# ford 3000 bush hog



## KyleP (Apr 8, 2012)

ive got about 300 acres that needs mowing and I run across a bush hog 307. Will a ford 3000 pull this?


----------



## sixbales (May 18, 2011)

A Bush Hog 307 is a 7' rotary cutter. For comparison, I went to Bush Hog's website and checked their SQ184 7 ft single spindle rotary cutter. Bush Hog specifies* 50 - 70 PTO Horsepower* for this mower. A Ford 3000 is rated at *38 PTO HP*, *tested 40 PTO HP*, according to tractordata.com


----------



## bpark8824 (Apr 6, 2012)

Even with a 7' mower it's going to take a long time to mow 300 acres! We have a 6' bush hog and it takes a few hours just to mow our 10 acre field.


----------



## KyleP (Apr 8, 2012)

I was wondering if anyone had tried it with a 3000. I know its going to take a long time no matter what size you use. I just thought since its mainly tall grass it might not take as much power to run.


----------



## sixbales (May 18, 2011)

I obtained the following comments from *Soundguy * on another forum:

"While I have seen a 3000 on a larger mower in dry stemmy brush even.. IMHO.. in tall lush grass, 6' is going to absorb all the hp you have.."
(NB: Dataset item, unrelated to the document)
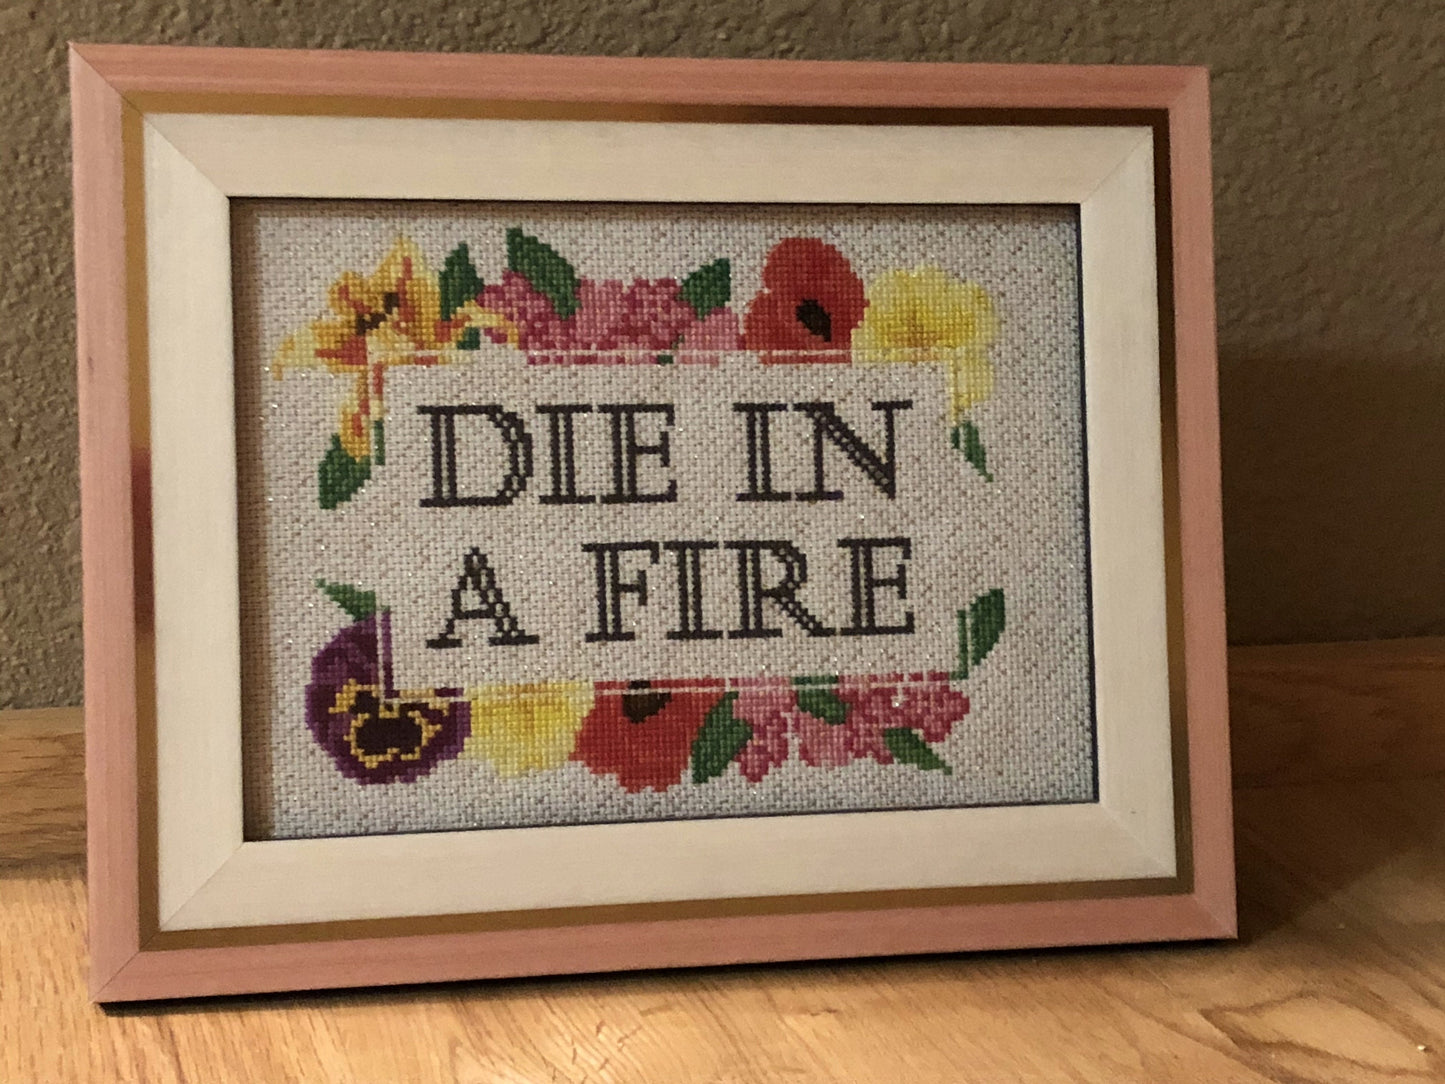 Die in a Fire - subversive floral cross stitch pattern - Instant PDF Download

Additional comment from *Kirk Grau* on the same forum:

"I can stall my 3600 (newer version of 3000) with a 5 foot mower in the tall thick stuff around here. Can always take a half swath through the thicker stuff though."


----------



## KyleP (Apr 8, 2012)

ok I appreciate it guys! Always better to ask someone with expience first.


----------



## bpark8824 (Apr 6, 2012)

sixbales said:


> I obtained the following comments from *Soundguy * on another forum:
> 
> "While I have seen a 3000 on a larger mower in dry stemmy brush even.. IMHO.. in tall lush grass, 6' is going to absorb all the hp you have.."
> 
> ...


We've never had our 6' bush hog stall on us unless of course we hit something hard. The 3000 is fully capable of handling a 6' mower.


----------